When youth from the district need more care for mental health issues, they're supposed to be sent to a stabilization unit in Thunder Bay. However, the CEO for the North West Integration Network, Laura Kokocinski, says the beds allocated for the region may not be available.
"The regional health sciences centre currently receives funding to support a four-bed inpatient child and adolescent mental health unit, for children up to 16 years of age living with acute mental health issues," she said in an email.
"Patient volumes in the unit often exceed capacity, and in overcapacity situations, children are admitted and cared for in the pediatric inpatient unit," Kokocinski added.
Executives in the health system say they're aware of the gaps, when it comes to youth in crisis, and they're taking measures to try and fill them. Kokocinski outlined these measures in a recent email.
For example, she says they're working with multiple partners to ensure a comprehensive continuum of mental health and addictions services, such as crisis response, counseling, case management, supportive housing, psychiatry and withdrawal management.
She added the network also has a multi-pronged strategy, and they're working with multiple partners to ensure clients with mental health and addictions needs receive safe, quality care at the right time and in the right place.
In her email, Kokocinski also noted the Ministry of Health and Long-Term Care and the North West Local Health Integration Network primarily provides mental health resources through hospitals, Aboriginal Health Access Centres, mental health and addictions agencies and other providers located in municipalities.
In Kenora, a youth crisis response committee, which includes a number of organizations in the District of Kenora -- Abinoojii, Kenora Chiefs Advisory, Firefly, Dryden Crisis Response and Lake of the Woods District Hospital -- has been responding to the youth crisis in the District of Kenora by providing after-hours services for children and youth with a 24-hour hospital based service responding to youth in crisis In the interim, the CEO noted.
Early in the year, Kenora-area mayors and First Nation leaders announced they were moving towards more cooperation, in an effort to improve health care. This reflects the province's desire to save health care costs through integration, as part of their Patients First policy.
Late last year, the Minister for Children and Youth Services, Michael Coteau, also talked about the need for partnerships and integration, when it came to closing gaps in the child welfare system. His comments followed a troubling report on the gaps in the system.
When it comes to services to indigenous mental health services, the provision of mental health resources within First Nations is primarily done through Health Canada First Nations Inuit Health Branch, Kokocinski noted.
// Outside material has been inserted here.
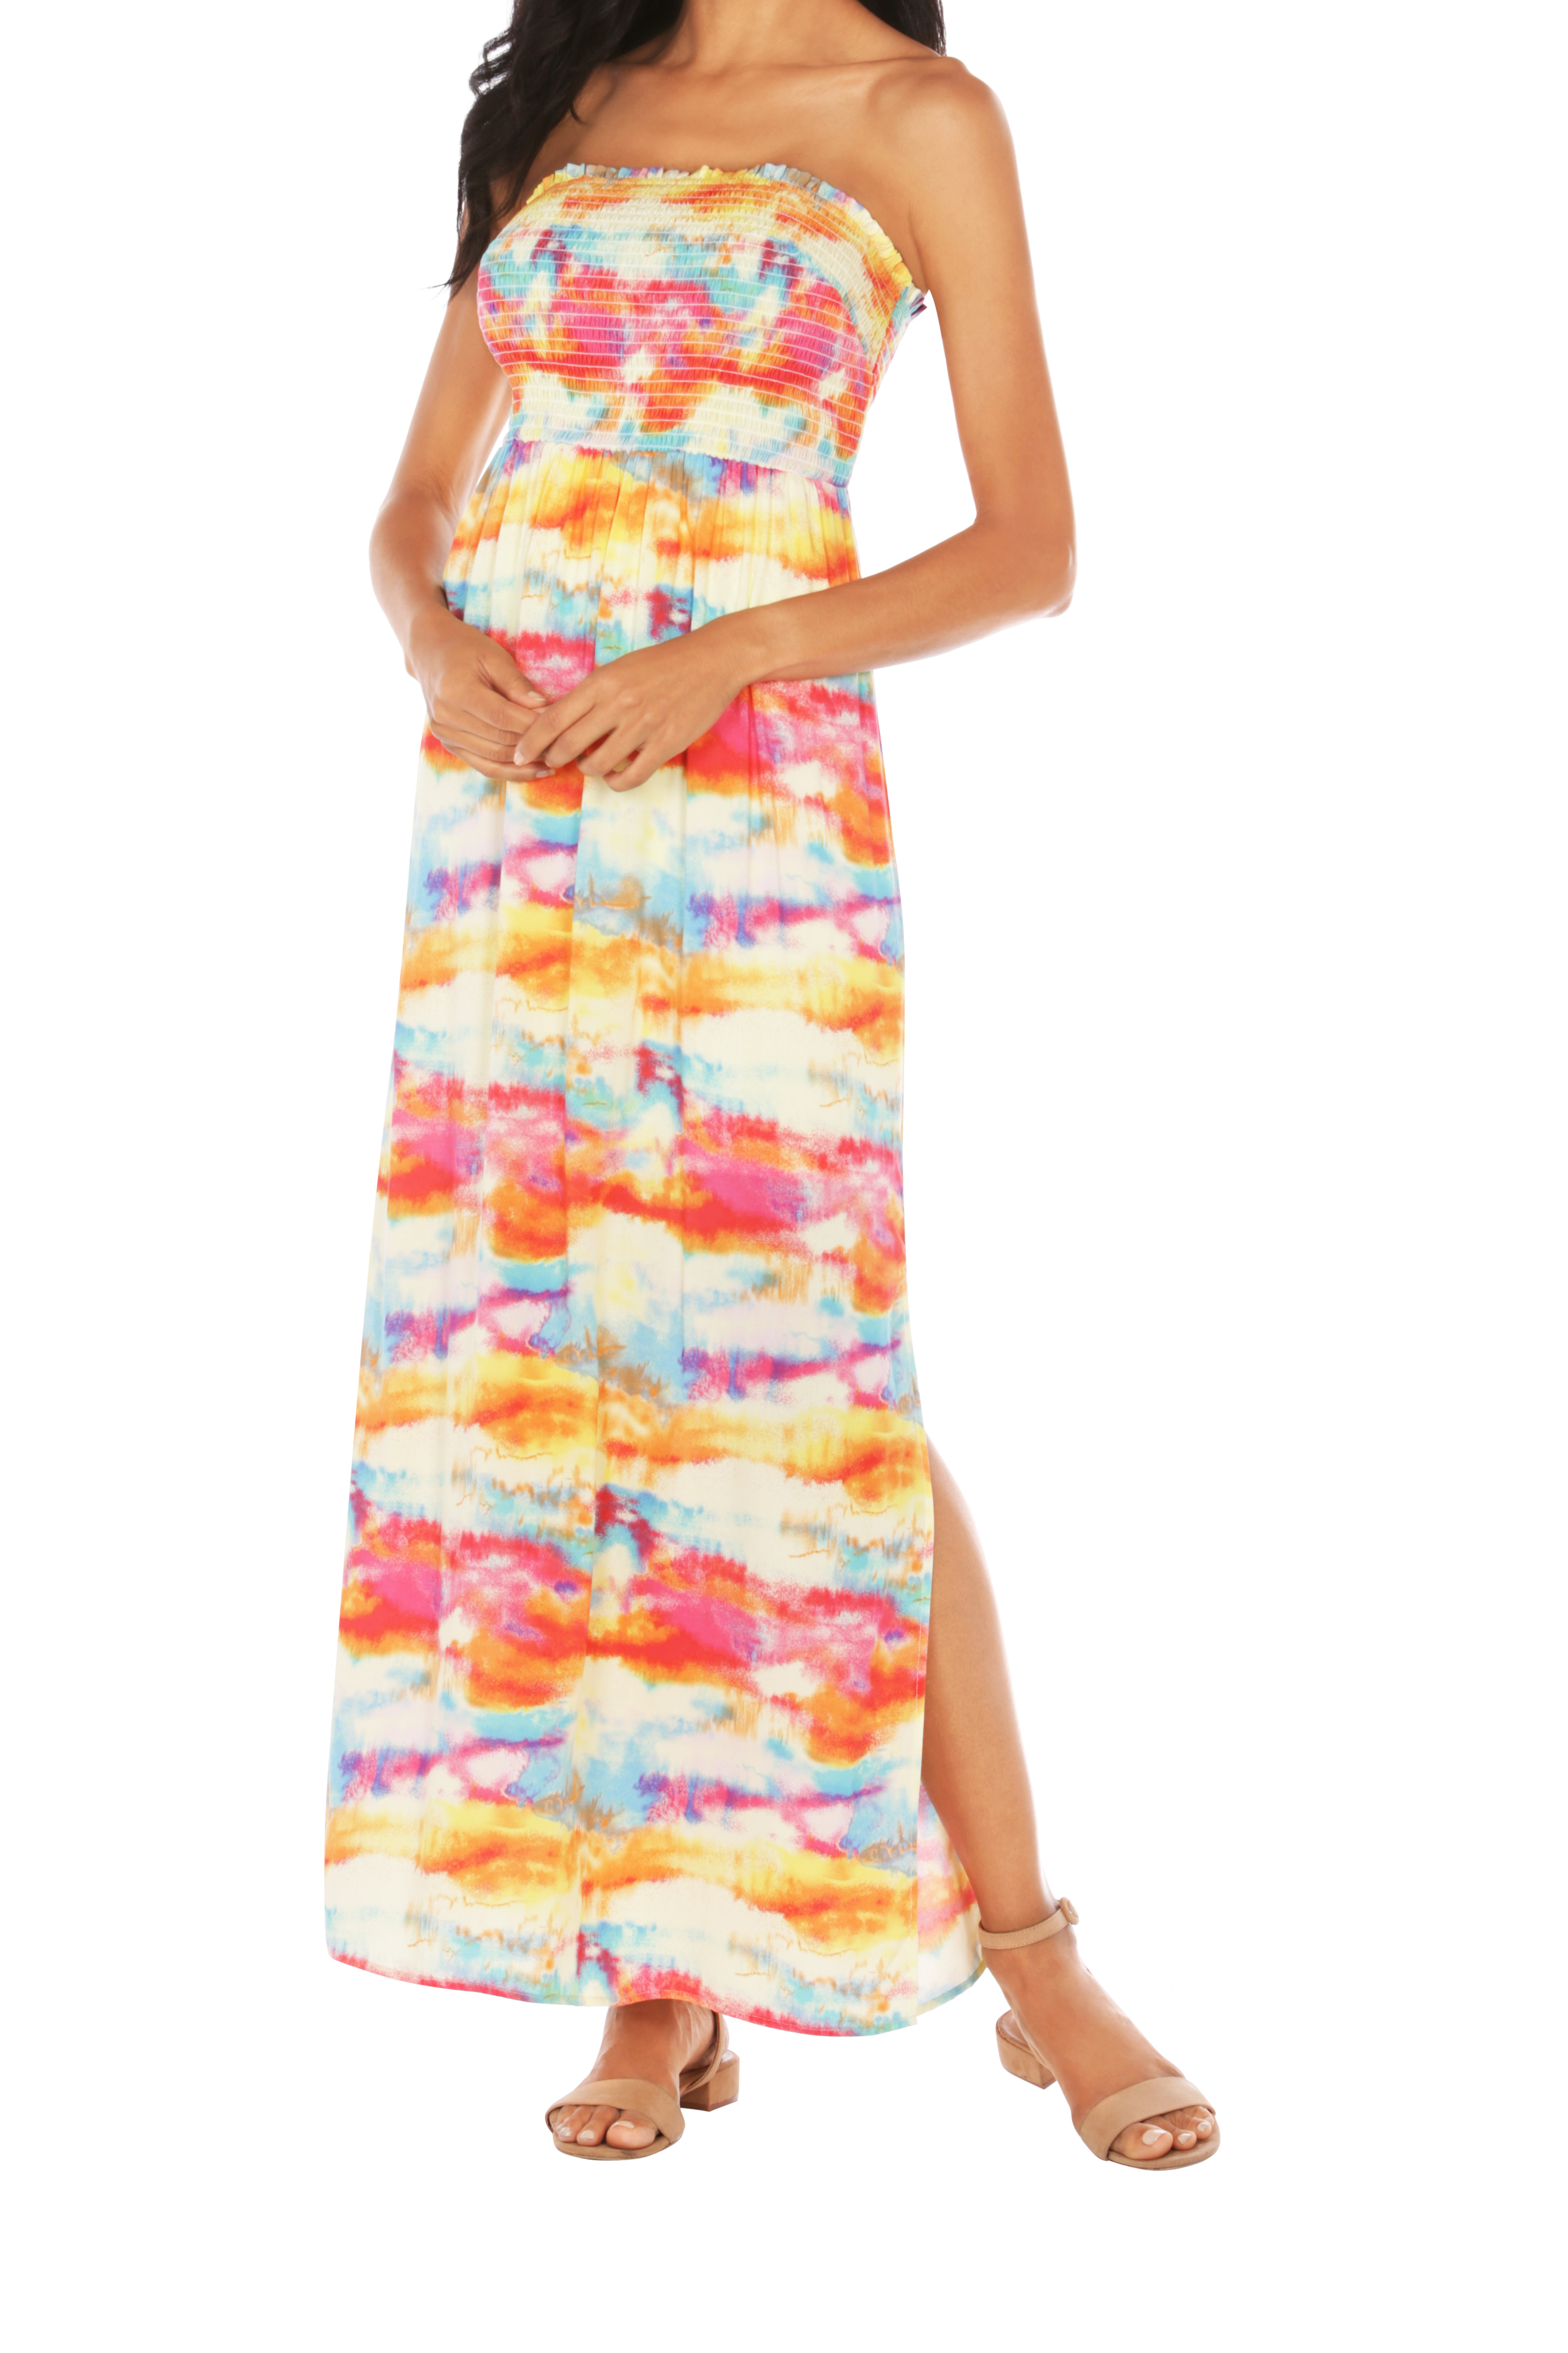 Caribbean Joe® Smocked Maxi Dress -Saffron - Front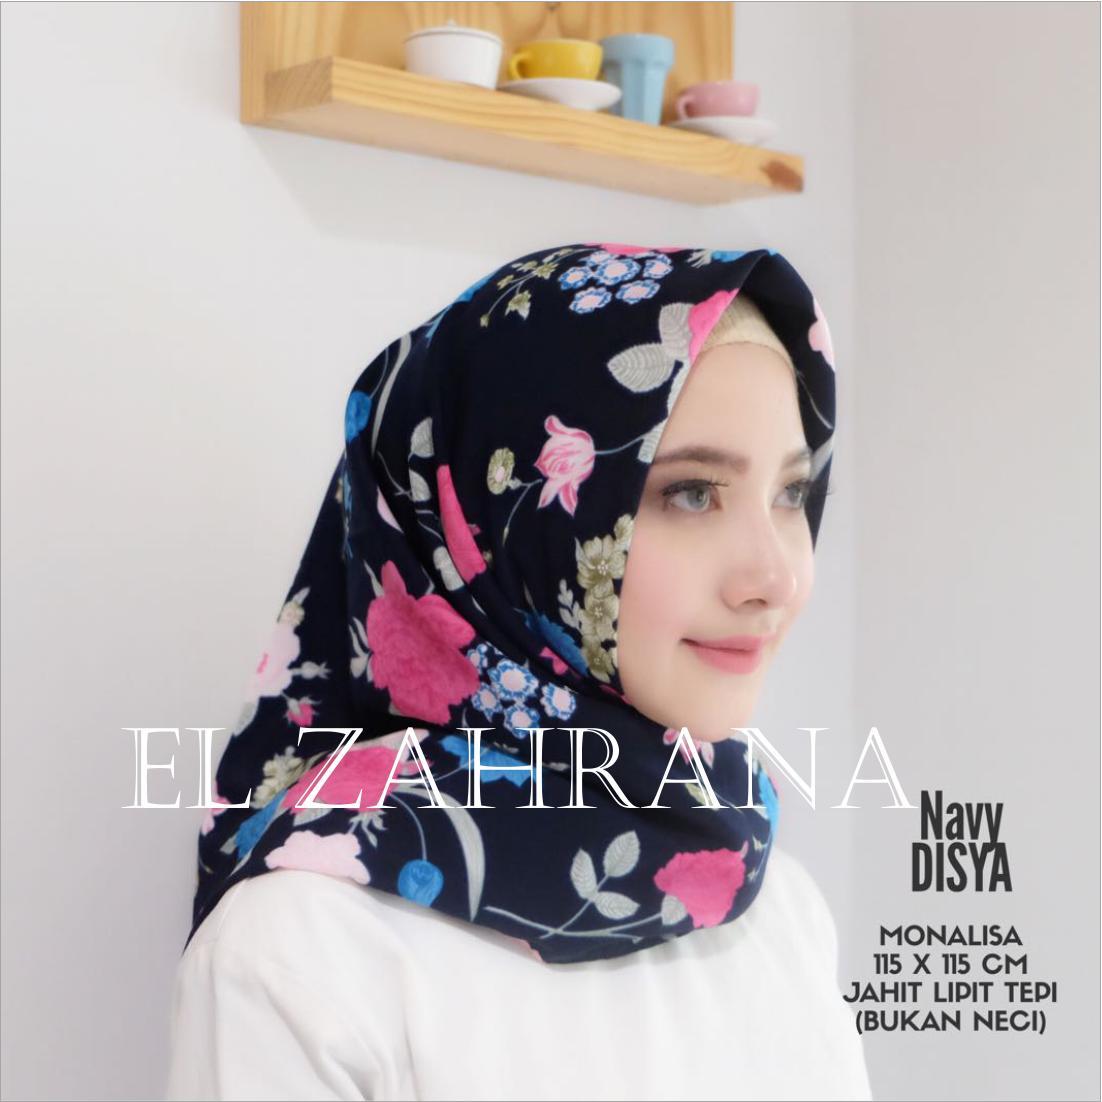 Cuci Gudang El Zahrana Hijab Kerudung Segi Empat Jilbab Motif Premium Monalisa

However, recognizing the immediacy of needs in many communities, Kokocinski the North West Local Health Integration Network and Ministry of Health and Long-Term Care have assisted in the following ways when crises occur:
- Direct funding has been provided to various communities for increased counselling, youth safety patrols, and service coordination for youth and families in crisis.
- The North West Local Health Integration Network actively maintains contact with communities and service providers to respond to declared states of emergencies due to mental health crises. For urban Indigenous persons, the North West Local Health Integration Network depends on communication from stakeholders and health service providers to understand capacity issues.
Since 2007-2008, the province's child advocate, Irwin Elman, has been lobbying for better supports for children in care, especially those from indigenous families.
In the Kenora area, families have been asking for a response from the regional coroner, regarding the death of 14-year-old Azraya Ackaby Kokopenace, who passed away near the hospital last spring.
First Nation chiefs would like to see coroner's inquests become mandatory, whenever a youth in care dies.
In addition, the Ministry of Health and Long Term Care’s Health Equity Branch has been working with the child and adolescent health unit to fund a proposal enabling the continuation of programming to address ongoing operating pressures, the CEO noted.
Due to recent crisis in northern communities, Kokocinski acknowledged a number of youth have recently been admitted to the child an adolescent health unit, and the hospital has increased resources accordingly to meet this increased demand.